May 14

Is Revenue Contribution the Best Executive Metric for Demand Generation Investments?

Marketing Strategy

7  comments

We’re almost halfway through the year, and before you know it, marketing management will be putting forth arguments for increased budgets for FY12.  Over the years, I’ve seen many suspect revenue projections from marketing for budget justification.  The problem gets acute during budgeting cycles. Suddenly, all revenue is “incremental.”

Quite often, it isn’t easy to know if a particular marketing investment actually increased revenue. Yes, marketers have an array of useful operational metrics. Even if the company consistently closes the loop on leads, which is often rare, the evidence for incremental revenue contribution is often inconclusive. Naysayers make an obvious counterargument: we would have gotten most of that revenue anyway. And it’s hard to argue with that point of view.

Key Factors in Driving Incremental Revenue Growth

But I wonder if revenue contribution is the best way to think about investments in lead generation. I’m not saying that lead generation doesn’t contribute to this area. But product strategy and customer loyalty are probably much bigger factors in growth. So is the company sales model.

To be sure, the rare, ingenious advertising campaign lights a bright fire that truly sparks demand. (The old “Red X” advertising campaign comes to mind when Intel, back in the late ‘80s, first marketed their computer processor directly to end-users, which led eventually to the Intel Inside concept. Ditto for the first iPad commercials last year. Brilliant examples of demand generation at its finest.)

Still, I wonder if the financial focus of demand generation shouldn’t be on cost savings.

A Better Financial Yardstick for
Demand-Generation Investmentslead measurement

I’m not talking about the tired old cost-per-lead metric.  Cost per lead can be terribly misleading as the conversion of leads to sales often falls as the cost per lead falls.  This kind of measurement is too self-referencing. The real economics of demand generation connect to sales costs.

This article, Measuring Lead Generation Effectiveness: A Case for a New Approach, details the expense. While measuring the hard-dollar investment in that activity can be a little bit fuzzy, the cost is real. It’s also often a huge number. For that reason alone, it’s worth measuring. If nothing else, the size of that investment will bring a lot of clarity to the executive suite on the potential benefit of making demand generation a real factor in the revenue and profit growth instead of the sideshow in most companies.

The Ultimate Metric for the CFO

From this perspective, the key metric is this: can the company more cost-effectively drive revenue through a particular sales team by scaling lead generation efforts sufficiently to free real sales capacity and revenue production? Let’s state it as two equations, one for each scenario:

X = (sales expense + greater investment in scalable lead generation)/revenue contribution

X = (the sales and marketing expense for the current approach)/revenue contribution.

“X” stands for combined sales and marketing expense-to-revenue ratios for each scenario.

Which scenario yields the better expense-to-revenue ratio?

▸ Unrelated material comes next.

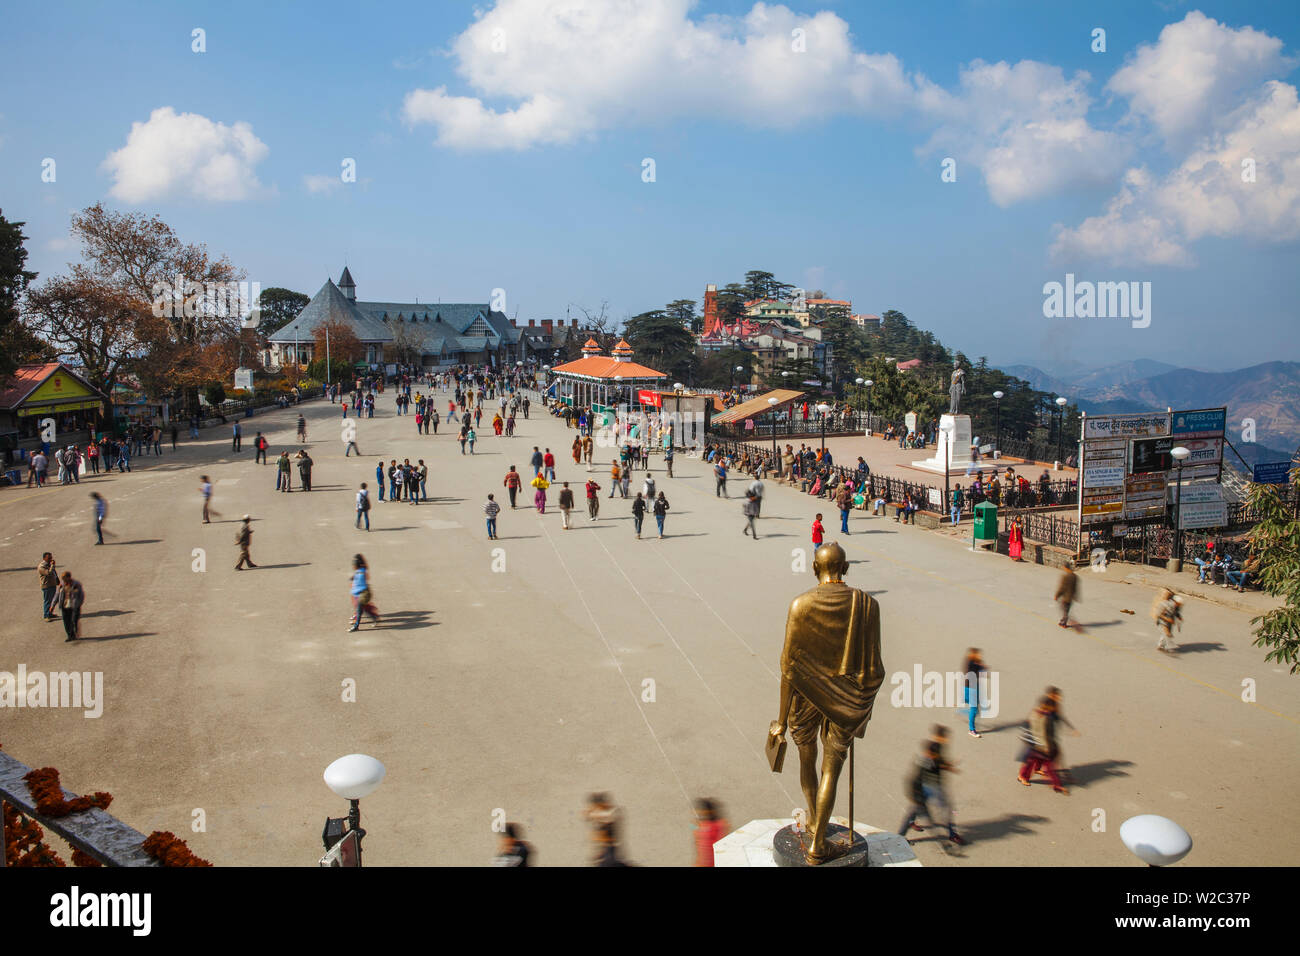 India, Himachal Pradesh, Shimla,  The Ridge, Gold Statue of  Mahatma Gandhi - Stock Image

That’s the million-dollar question. Or the billion-dollar question for many companies.

 

About the author 

Brian Carroll

Brian Carroll is the CEO and founder of markempa, helping companies to convert more customers with empathy-based marketing. He is the author of the bestseller, Lead Generation for the Complex Sale and founded B2B Lead Roundtable LinkedIn Group with 20,301+ members.

  1. Wow, you hit the nail on the head.

    In order to get a seat at the table, too many CMOs have unfortunately bet their badges on revenue – something over which they have limited control for many of the reasons you stated in your companion article. No wonder the average tenure is now about 20 minutes.

    So you’re right that good lead management is first and foremost about sales productivity. And I would add, efficiency. It’s a bit like applying lean principles to the lead management and sales process where you keep the pipeline full, keep leads engaged, move them along when their ready, and constantly check for quality. It optimizes sales by preventing them from waiting on leads that will never buy and leaving quality leads at the side of the road. Incremental revenue, then, becomes a natural consequence of the process, not the selling point.

  2. My favorite metric is very similar.

    I take (bookings or gross margin) / (total investment in marketing + total investment in sales) in the period. This CAC (customer acquisition cost ratio) is the single best way to measure a company’s revenue engine effectiveness, and it lets you make investment decisions that move money between marketing and sales to the optimal allocation to generate top-line growth.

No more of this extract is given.